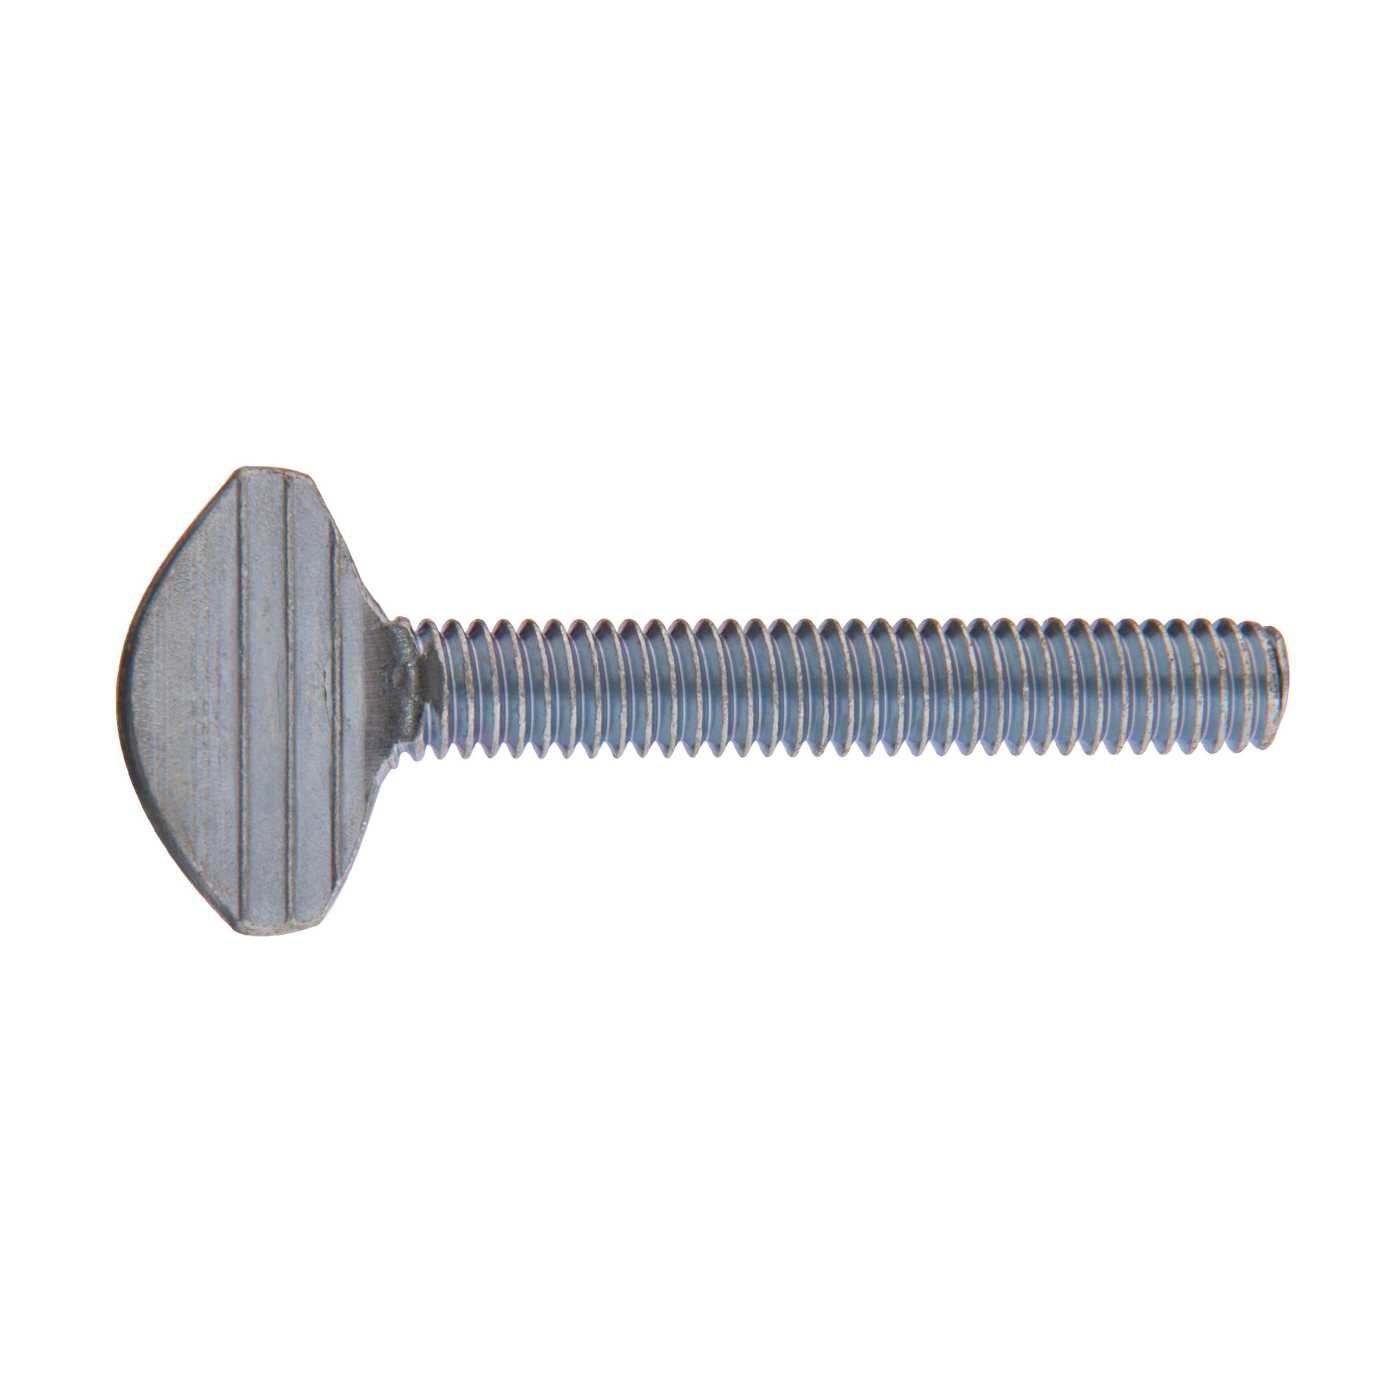 880948 Machine Screw, #10-32 Thread, 1/2 in L, Fine Thread, Blunt Point, Steel, Zinc-Plated
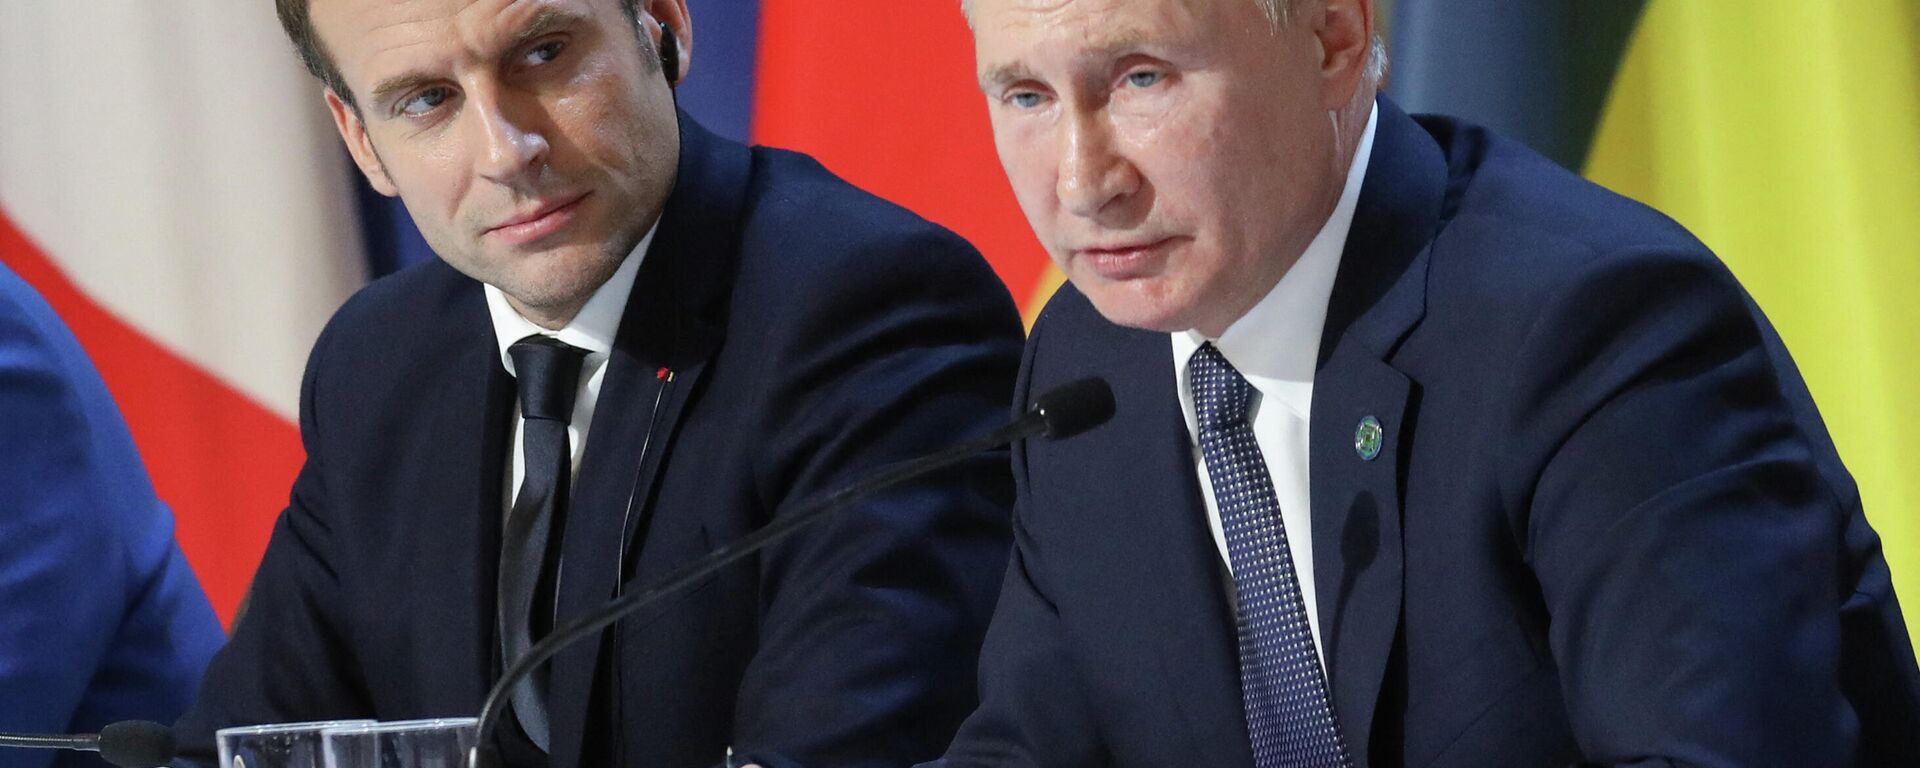 Президент Франции Эммануэль Макрон и российский лидер Владимир Путин - Sputnik Узбекистан, 1920, 02.04.2021
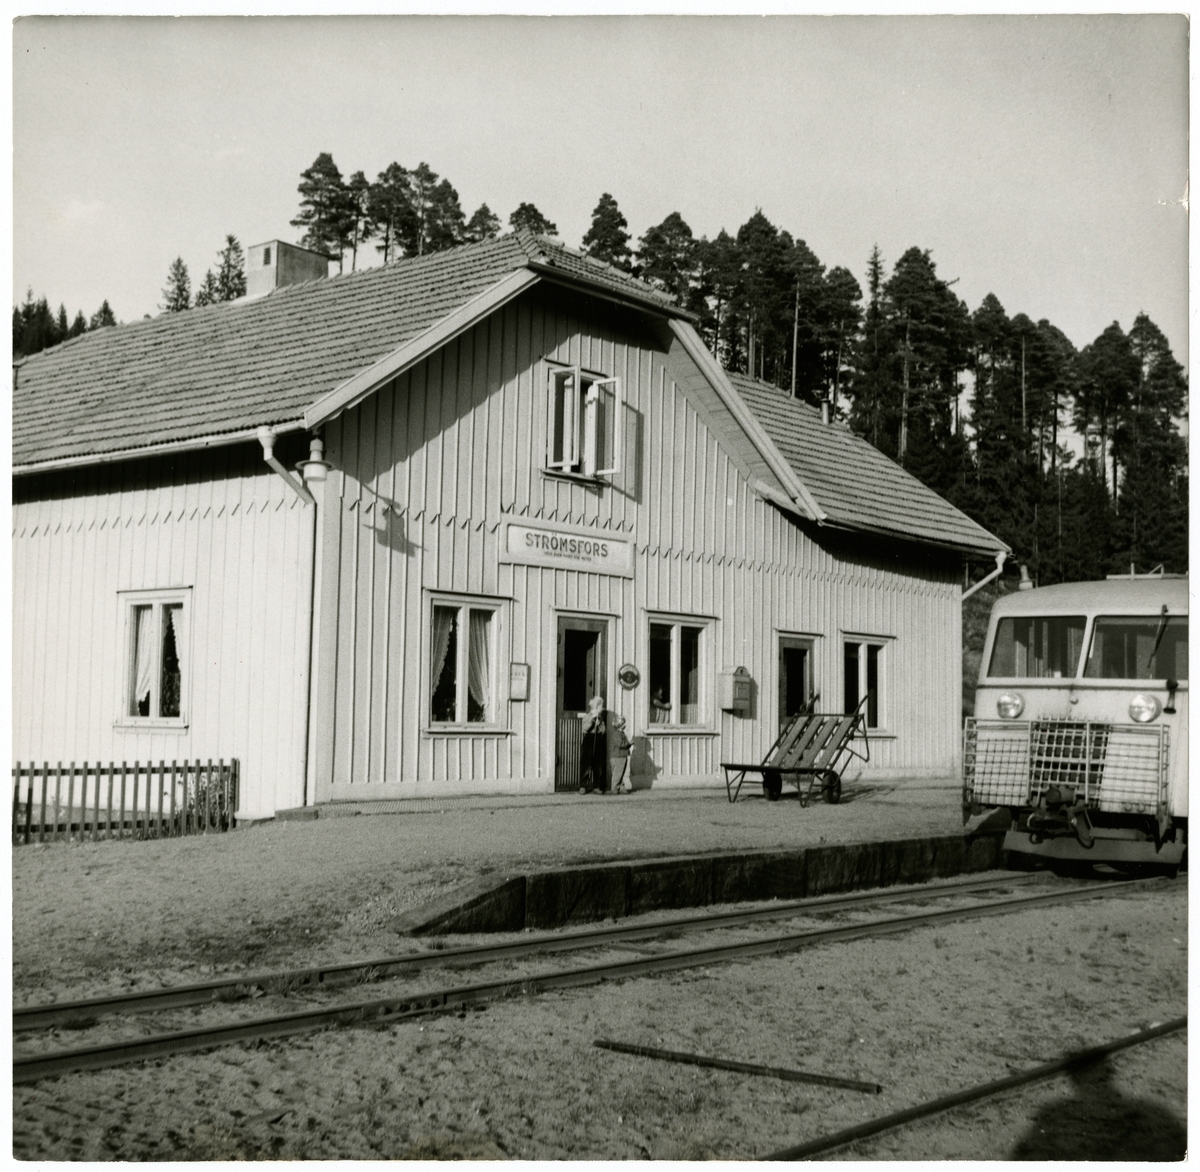 Falkenbergs Järnväg, FJ, Nedlagd av Falkenberg - Limmared. SJ Xo9 Hilding Carlsson Skrotad 1959.
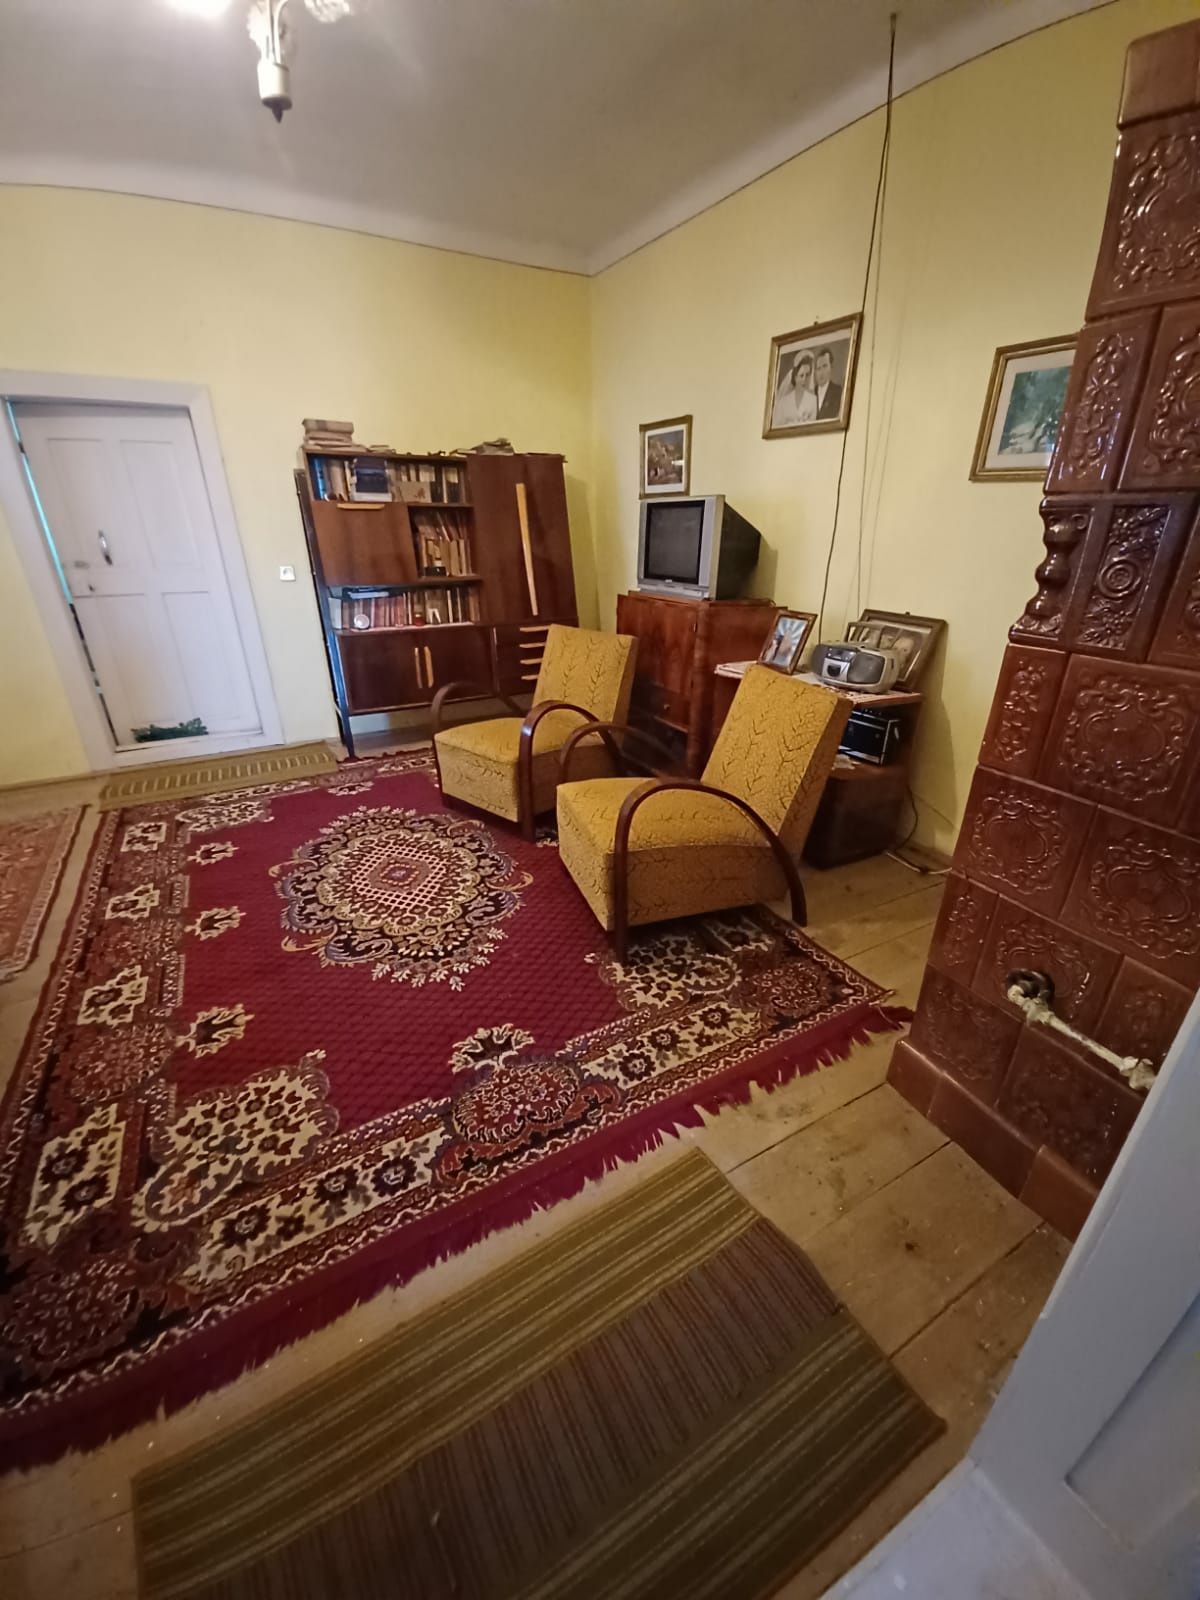 De vânzare o casă familială în localitatea Ilieni ( com.Gh.-Doja)
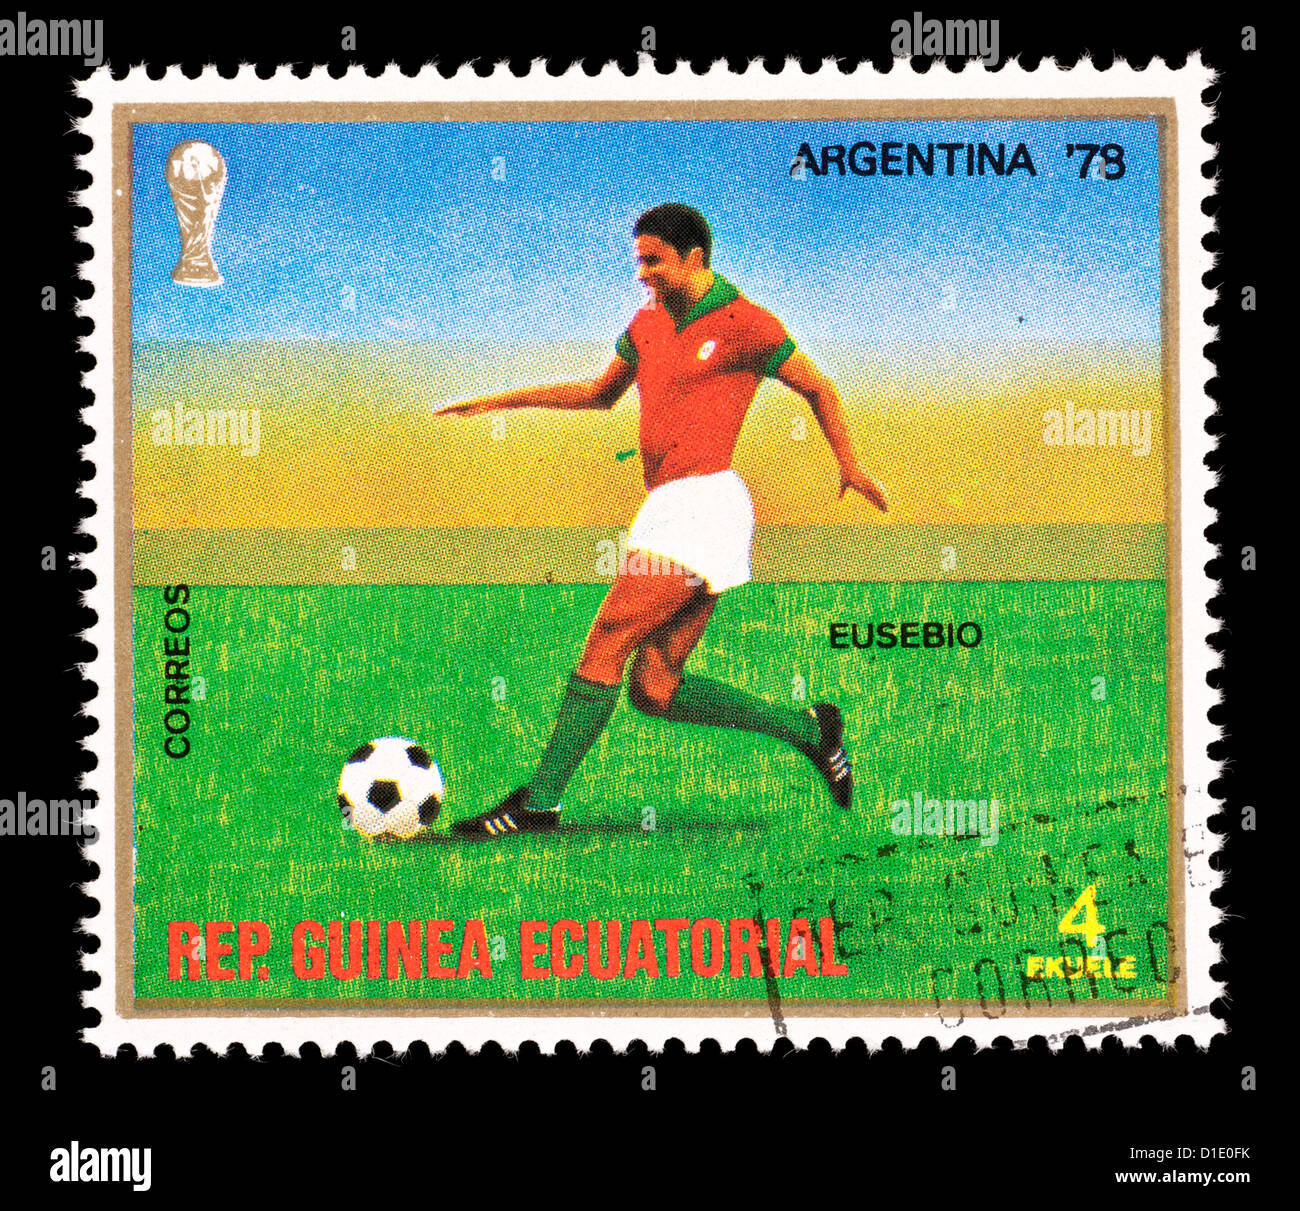 Timbre-poste de Guinée Equatoriale représentant un joueur de football, émis pour la Coupe du Monde 1978 en Argentine Banque D'Images

#### Instructions to follow
Would you write out each record above exactly, with no images?

#### Result
 880948 Machine Screw, #10-32 Thread, 1/2 in L, Fine Thread, Blunt Point, Steel, Zinc-Plated
 Президент Франции Эммануэль Макрон и российский лидер Владимир Путин - Sputnik Узбекистан, 1920, 02.04.2021
 Falkenbergs Järnväg, FJ, Nedlagd av Falkenberg - Limmared. SJ Xo9 Hilding Carlsson Skrotad 1959.
 De vânzare o casă familială în localitatea Ilieni ( com.Gh.-Doja)
 Timbre-poste de Guinée Equatoriale représentant un joueur de football, émis pour la Coupe du Monde 1978 en Argentine Banque D'Images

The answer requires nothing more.